Since the class is in the top-level of the package i.e `__init__.py`, and the package name starts with intake_, it will be scanned when Intake is imported. Now the plugin automatically appears in the set of known plugins in the Intake registry, and an associated `intake.open_cmip5` function is created at import time.

In [3]:
import intake

In [4]:
'cmip5' in intake.registry

True

## Generate fake cmip5 data + cmip5 database

For `intake-cmip5` to generate catalogs, we need to generate a database. To generate this database, we use [CMIP5 Data Reference Syntax](https://cmip.llnl.gov/cmip5/docs/cmip5_data_reference_syntax_v1-00_clean.pdf) to infer directory structure. Using `os.walk()`, we generate necessary information for each file. This database is then persisted to disk as an `csv` file.
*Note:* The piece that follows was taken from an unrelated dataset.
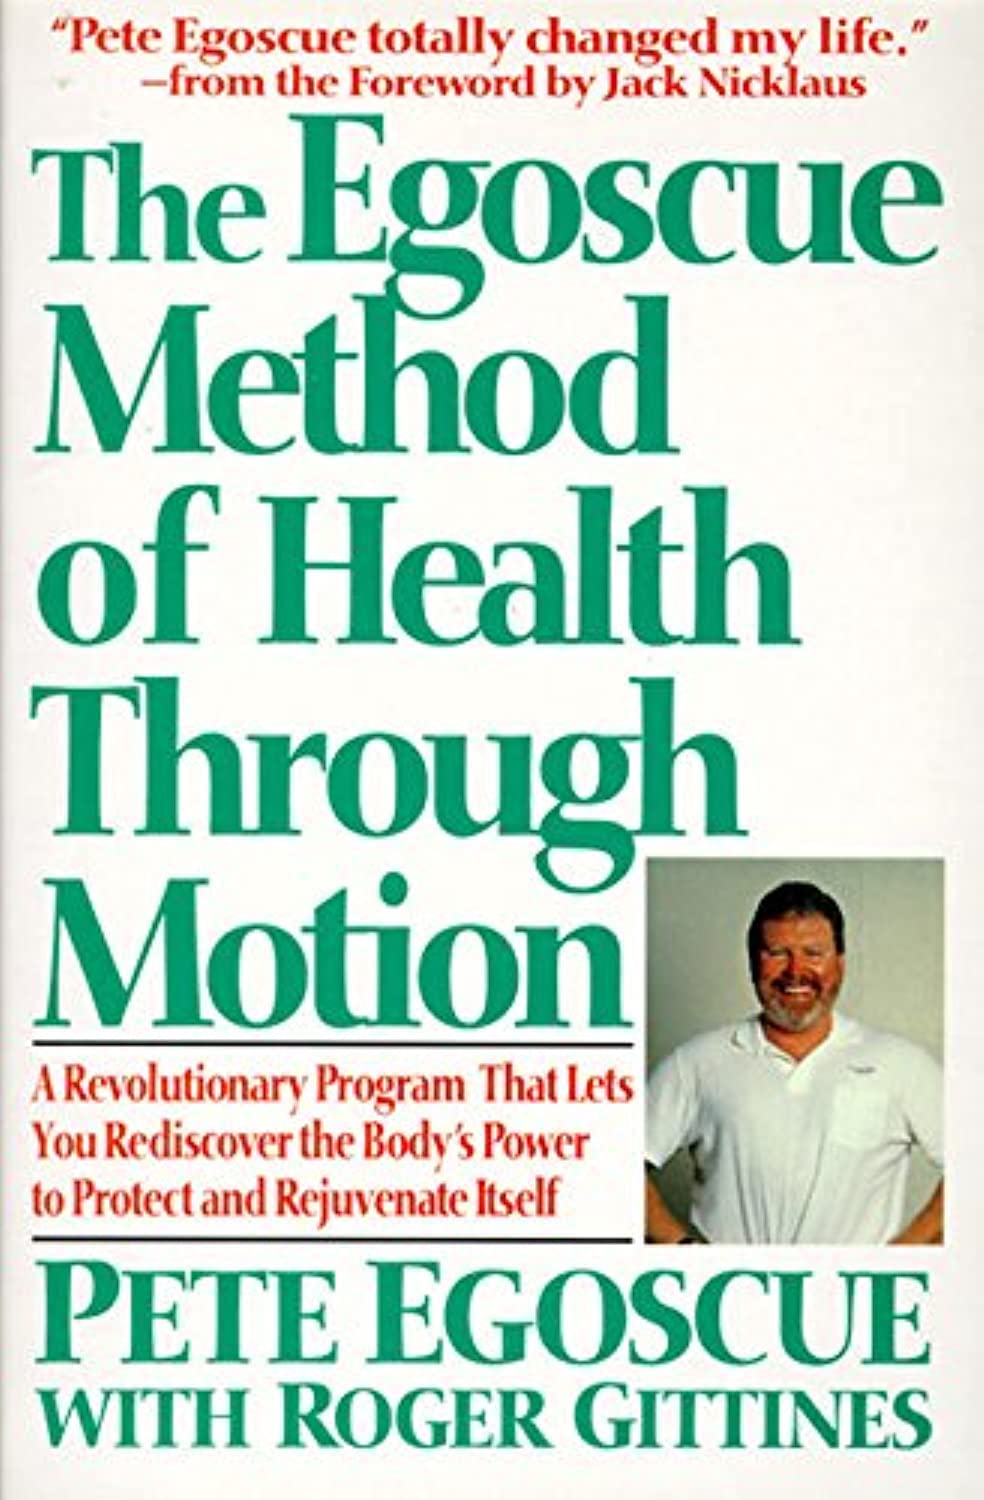 Featured Image for The Egoscue Method of Health Through Motion: Revolutionary Program That Lets You Rediscover the Body’s Power to Rejuvenate It

This file has the following columns:
- ensemble
- experiment
- file_basename
- file_fullpath
- frequency
- realm 
- institution
- model
- varname

In [5]:
import os
import pandas as pd
import xarray as xr
import shutil
import tempfile
from intake_cmip5.generate_database import create_CMIP5Database

In [6]:
CMIP5_TEST_DIR = tempfile.mkdtemp()
DB_DIR = tempfile.mkdtemp()
file_names = [
    "Tair_Amon_CanESM2_rcp85_r2i1p1_200601-203512.nc",
    "Tair_OImon_CSIRO-Mk3-6-0_historical_r2i1p1_200601-203512.nc",
]

In [7]:
def setup():
    test_paths = [
        f"{CMIP5_TEST_DIR}/output1/CCCma/CanESM2/rcp85/mon/atmos/Amon/r2i1p1",
        f"{CMIP5_TEST_DIR}/output2/CSIRO-QCCCE/CSIRO-Mk3-6-0/historical/mon/seaIce/OImon/r2i1p1/v1/sic",
    ]

    ds = (
        xr.tutorial.open_dataset("rasm")
        .load()
        .isel(time=slice(0, 2), x=slice(0, 5), y=slice(0, 3))
    )

    for idx, path in enumerate(test_paths):
        os.makedirs(path, exist_ok=True)
        file_path = f"{path}/{file_names[idx]}"
        ds.to_netcdf(file_path, mode="w")

In [8]:
# Generate fake cmip5 database
setup()
create_CMIP5Database(CMIP5_TEST_DIR, DB_DIR)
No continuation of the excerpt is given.